Sliding Window Maximum hard
Problem Statement
Given an array of integers nums
and an integer k
, return the maximum value of each subarray of size k
.
Example 1
Input: nums = [1,3,-1,-3,5,3,6,7], k = 3 Output: [3,3,5,5,6,7] Explanation: Window position Max
[1 3 -1] -3 5 3 6 7 3 1 [3 -1 -3] 5 3 6 7 3 1 3 [-1 -3 5] 3 6 7 5 1 3 -1 [-3 5 3] 6 7 5 1 3 -1 -3 [5 3 6] 7 6 1 3 -1 -3 5 [3 6 7] 7
Example 2
Input: nums = [1], k = 1 Output: [1]
Steps
-
Initialization: Create a result list to store the maximum values for each window. Initialize a deque (double-ended queue) to store indices of elements. The deque will maintain the indices of elements in descending order of their values.
-
Sliding Window: Iterate through the
nums
array. -
Deque Maintenance:
- Remove elements from the rear of the deque: While the deque is not empty and the last element in the deque corresponds to a value smaller than or equal to the current element, remove it. This ensures that the deque always contains indices of elements in descending order.
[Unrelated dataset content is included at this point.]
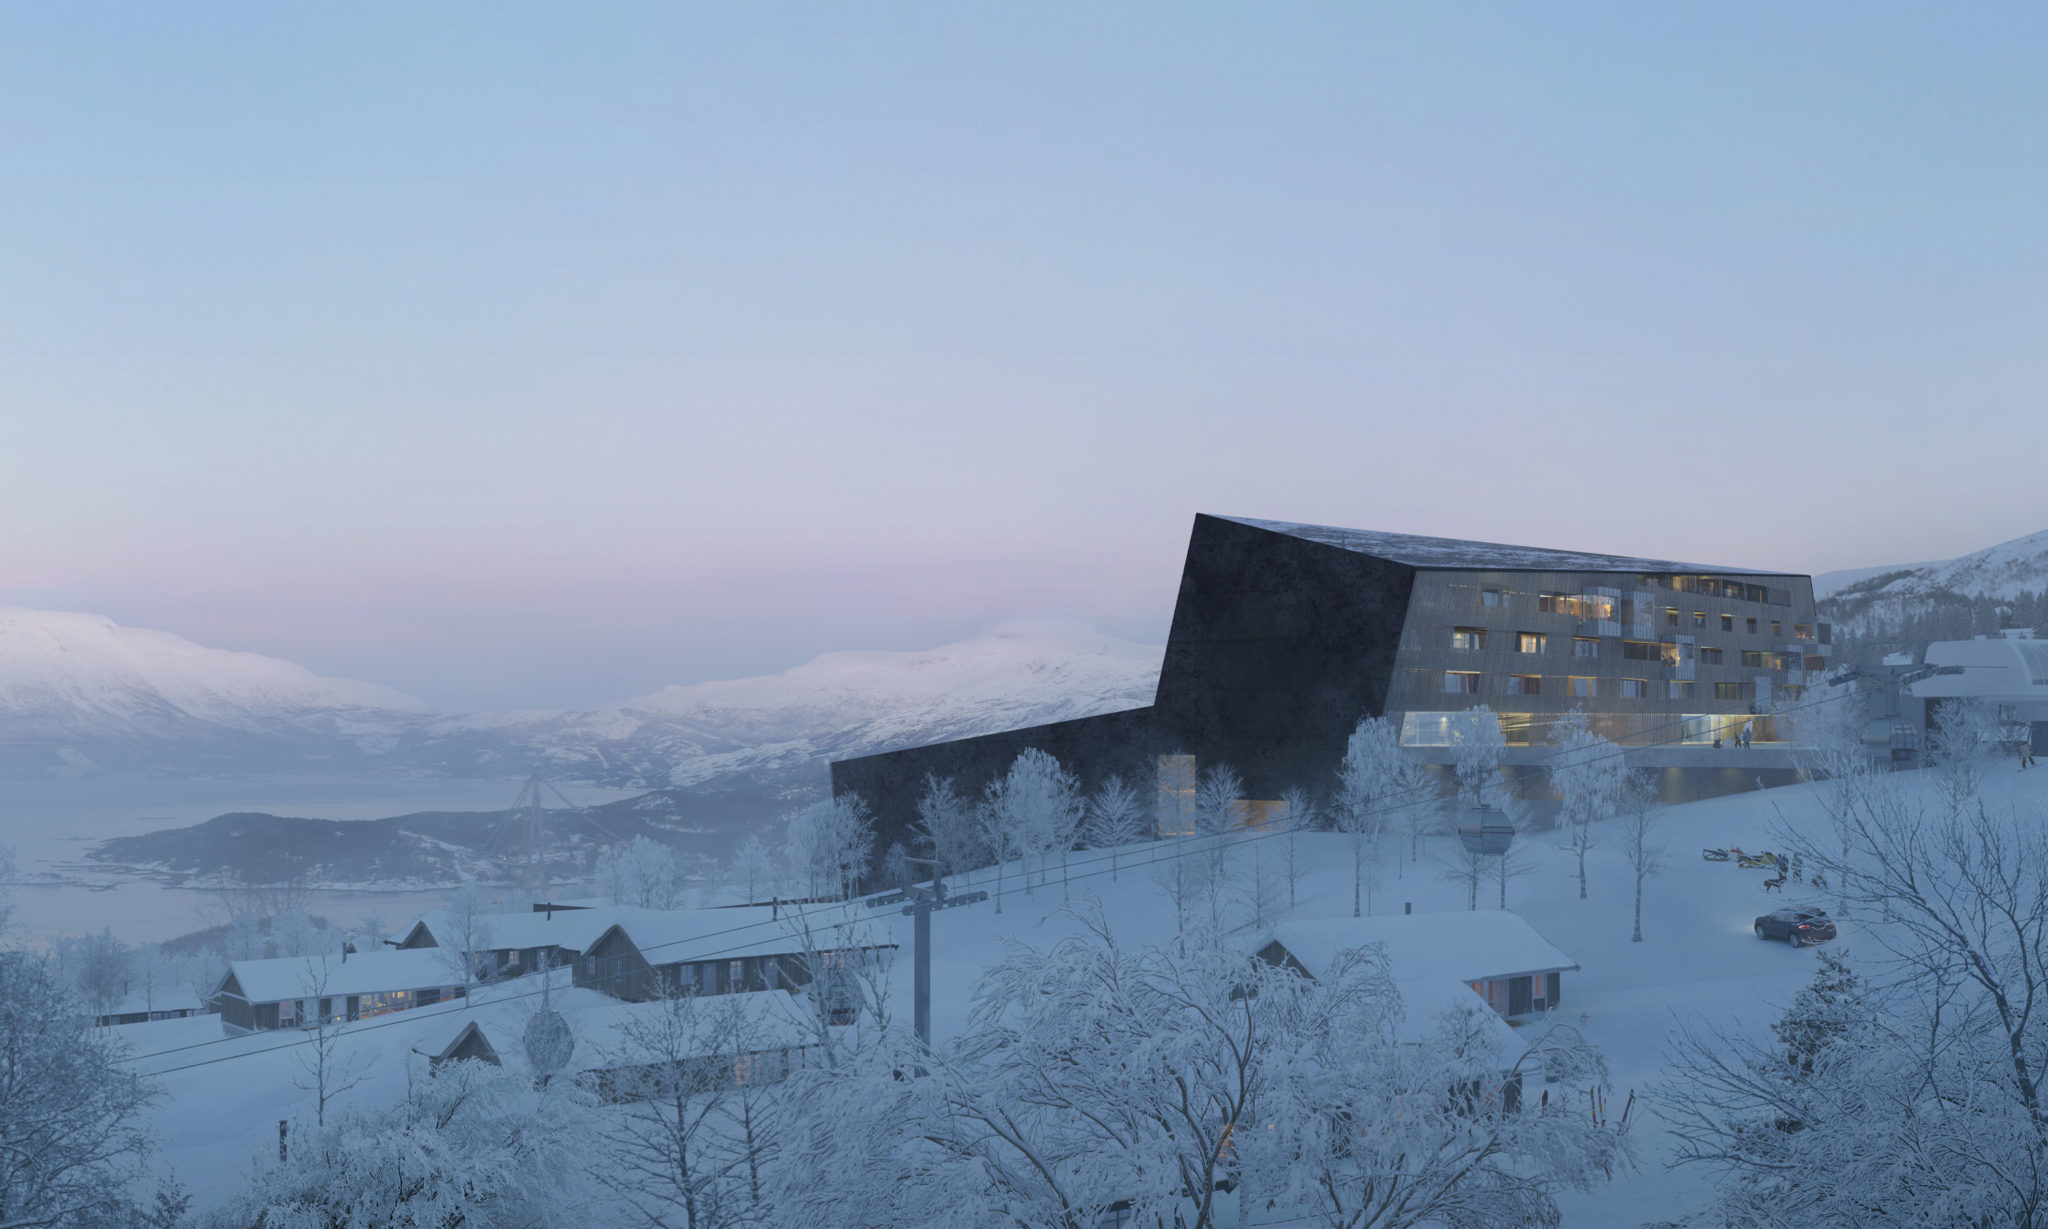 Modern apartment block on the mountainside with a view overlooking the valley and the mountains.

- Add the current element's index to the rear of the deque: This adds the current element's index to the deque maintaining the descending order property.
-
Window Size Check: If the current window size (index + 1) is greater than or equal to
k
:- Add the maximum value of the current window (the value at the front of the deque) to the result list.
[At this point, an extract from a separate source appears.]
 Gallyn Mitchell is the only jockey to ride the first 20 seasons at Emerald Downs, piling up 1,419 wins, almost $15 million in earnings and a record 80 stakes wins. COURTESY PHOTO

- Remove elements from the front of the deque: If the index of the element at the front of the deque is outside the current window, remove it.
-
Return Result: Return the result list.
Explanation
This solution uses a deque to efficiently track the maximum element within the sliding window. A deque is chosen because it allows for efficient addition and removal of elements from both ends (O(1) time complexity). The deque stores indices, not the values themselves. By maintaining the indices in descending order of their corresponding values, the maximum element within the window is always at the front of the deque. This avoids the need to iterate through the entire window to find the maximum, resulting in significant optimization.
Code
using System;
using System.Collections.Generic;
public class Solution {
public int[] MaxSlidingWindow(int[] nums, int k) {
if (nums == null || nums.Length == 0 || k <= 0) {
return new int[0];
}
List<int> result = new List<int>();
Deque<int> deque = new Deque<int>(); //Using a custom Deque implementation (see below)
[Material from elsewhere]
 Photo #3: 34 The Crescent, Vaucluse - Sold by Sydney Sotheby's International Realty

for (int i = 0; i < nums.Length; i++) {
// Remove elements smaller than the current element from the rear
while (deque.Count > 0 && nums[deque.Last] <= nums[i]) {
deque.RemoveLast();
}
// Add current element's index to the rear
deque.AddLast(i);
// Check if the window size is reached
if (i >= k - 1) {
// Add the maximum value to the result
result.Add(nums[deque.First]);
// Remove elements outside the window from the front
if (deque.First == i - k + 1) {
deque.RemoveFirst();
}
}
}
return result.ToArray();
}
// Custom Deque Implementation (You can use a library like System.Collections.Generic.Queue)
public class Deque<T>
{
private List<T> list;
public Deque()
{
list = new List<T>();
}
public int Count { get { return list.Count; } }
public T First { get { return list[0]; } }
public T Last { get { return list[list.Count - 1]; } }
public void AddFirst(T item) { list.Insert(0, item); }
public void AddLast(T item) { list.Add(item); }
public void RemoveFirst() { list.RemoveAt(0); }
public void RemoveLast() { list.RemoveAt(list.Count - 1); }
}
}
Complexity
- Time Complexity: O(N), where N is the length of the input array. Each element is added and removed from the deque at most once.
- Space Complexity: O(k), where k is the size of the window. The deque can hold at most k elements.